Бил я, бил, а потом – бабахнул,
падал он – мертвым на брюхо бахнул.
Я, брат, вижу – чудна папаха,
глядь, а в папахе, кажись, бумага.
Стал я с папахой ходить к комбригу,
стал я под честь отдавать бумагу.
Бумагу читал комбриг, что книгу,
потом, брат, орден дал за отвагу!
Как стали мы с планом бить Петлюру,
в петлю Петлюру загнали точно.
Махно смахнули, задрали Шкуру,
и вот затюкан Тютюник прочно.
Давай тютюн завернуть цигарку!
Теперь, брат, видишь, – крепки Советы.
А если тронут – так будет жарко,
пойдут гудеть реввоенсоветы!..
Нынче учим,
отдых нынче.
Что ж до бучи —
штык привинчен.
Марш сыграют, —
сварим кашу.
Враг узнает
хватку нашу!
С письмецом!
1
Мы – в окопах.

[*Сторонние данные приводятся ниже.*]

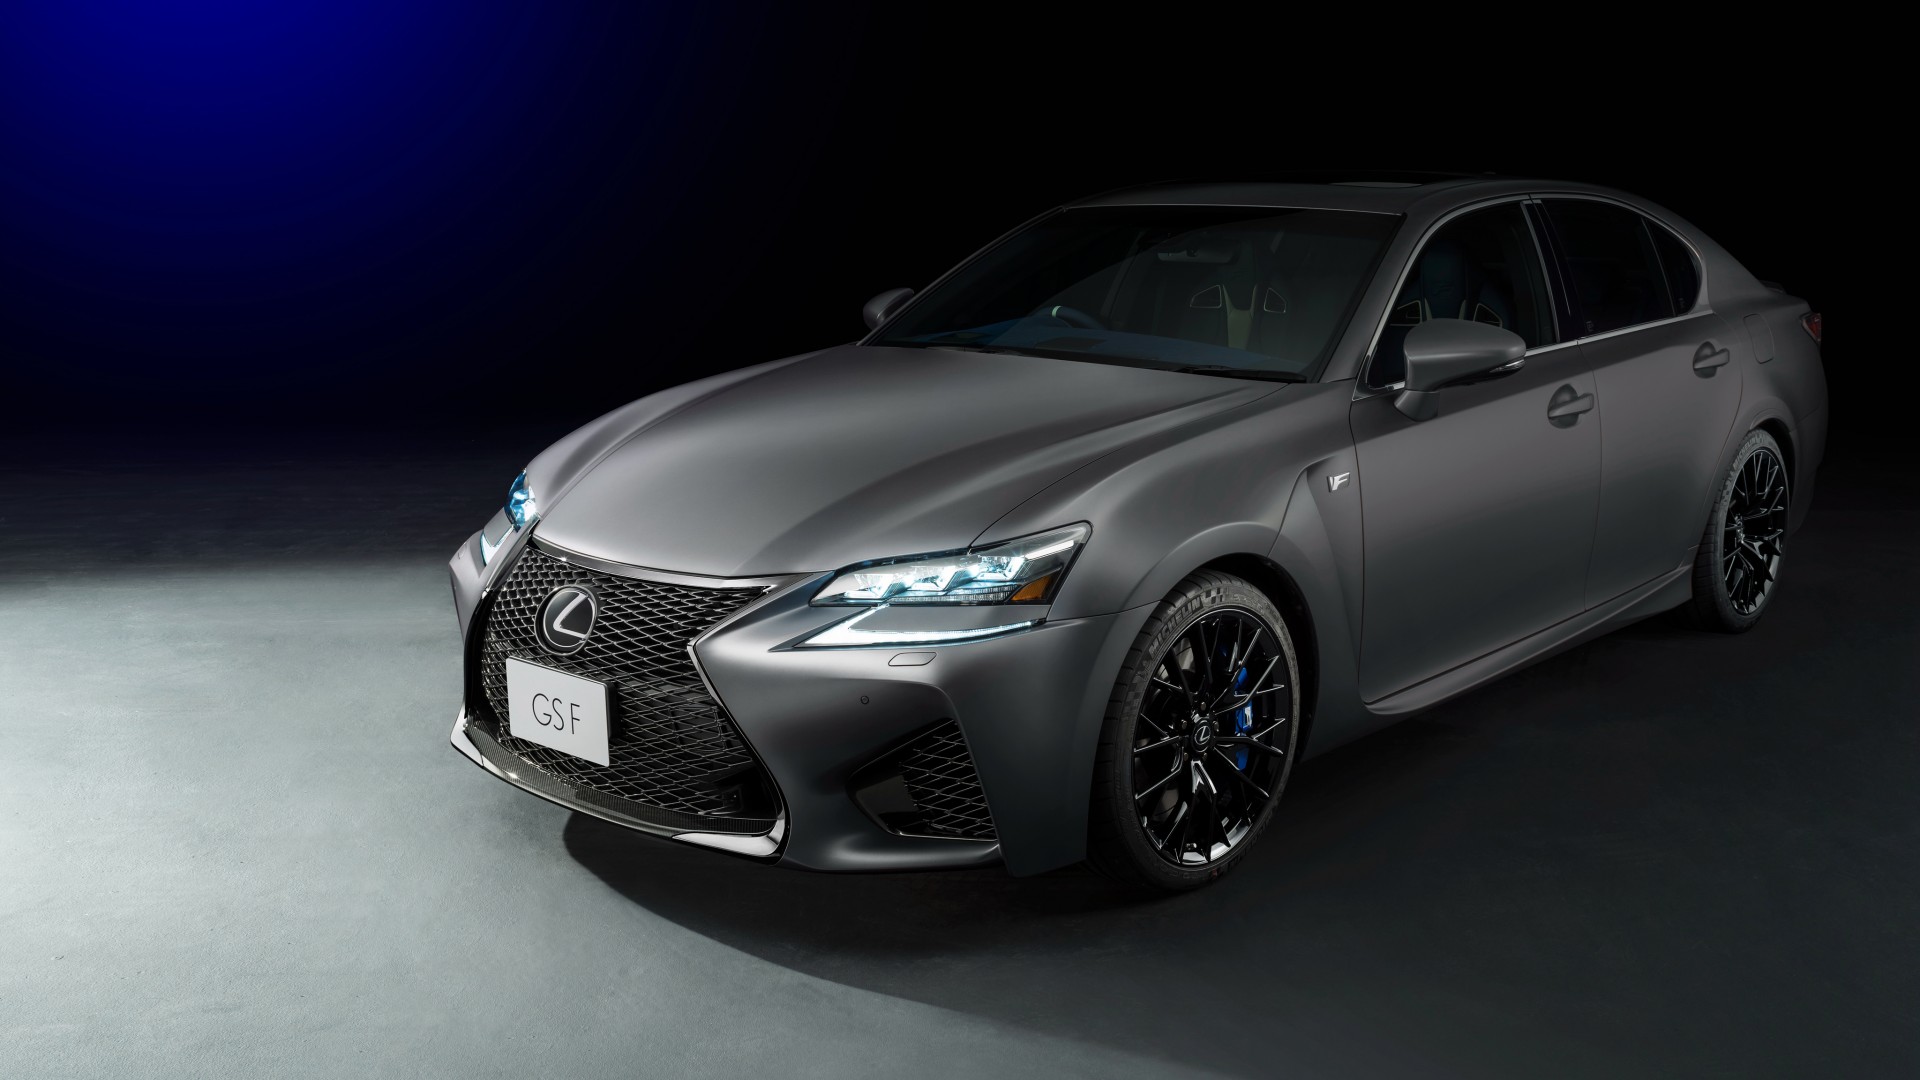 Download Lexus Gs F 10th Anniversary Hd Wallpaper For Desktop And Mobiles Iphone 7 Plus Iphone 8 Plus Hd Wallpaper Wallpapers Net

Темь – аж ну!
Аж в комок затяп.
Не дрефозь, браток, – нажму,
закреплю Октябрь!
Собралися мы в кружок,
тот – об этом, тот – об том…
– Эх, еще один прыжок, —
всех бандитов перебьем!
Посередке я сидю:
– Докатились до беды.
Из деревни ни тю-тю,
ни туды и ни сюды!
– Эх, Тимошка, ну, да ну…
– Перебьемся, ничего, —
взводный к нам. – Ну-ну, загнул!
Погляди, а ну-ка в-во:
– Тимофею Елеву, – Ермолаю Пудову,
– Родиону Семенцову – письмецо.
– Скелева? – Скудова?
– А с деревни, от жены… Письмецо – налицо!
Стой, моя штыковина,
ружьецо!
Вот так, брат, штуковина,
письмецо!..
2
Письмецо – мне:
эни е– не…
Прочитай – на:
эни а– на…
(не-на)
Тимофей – глянь:
гэи ля– гля…
(не-на-гля)
Тимохвей, розумий:
дэи эн
ыи ий—
дный…
На махры, покрути:
теи и,
будет – ти…
Да не лезь,
дай письмо:
эми о
значить —
мо…
Хаи ве—
хве…
хвей…
Ого-го-эй:
Нe-на-гля-дный Ти-мо-хве-й…
3
С этого подхода
забрала охота,
пальцы тянутся к перу,
а глаза – к бумаге.
Прорубили мы дыру
в белые ватаги:
в банды – клин,
в Деникина – кол!
Белым – вата блин,
наши – в комсомол!
4
Эх, кому бы, кому
Научить меня уму?
И хожу середь полей без памяти.
Обучи меня, Михей, грамоте!
В школе – стены бе-елые, белю-сенькне,
в книжках – буковки малю-у… малюсенькие.
Глаз неймет,
зуб неймет —
хвостики
да усики.
Поучусь, будет впрок, —
задавай, Михей, урок!
5
А, Б, В, Г, Д, Е, Ж…
(буквы ходят в полосе) —
вот и азбука уже
у меня на голосе.
И, К, Л, М, Н, О, П…
После П ударит Р,
запишуся в РКП,
надо двигать СССР!
С политграмотой живей,
айда, братец Тимофей!
Стал Тимошка грамотеем, —
значит, братцы, не робей:
если дружно пропотеем,
каждый будет грамотей!
Буква Р
Если
были
вы картавы —
значит,
знали
муки рта вы!
Я был
в юности
картав,
пыла
бедная
гортань.
Шарахались
красавицы
прославленной
картавости.
Не раскрываю
рта я,
и исхудал,
картавя!
Писал стихи:
«О, Русь! О, Русь!»
Произносил:
– О, Гусь, о, Гусь! —
И приходил на зов – о, грусть! —
соседский гусь, картавый гусь…
От соклассников – свист:
– Медное пузо,
гимназист, гимназист,
скажи: кукуруза!
Вместо «Карл, офицер» —
ныло «Кагл, офицег».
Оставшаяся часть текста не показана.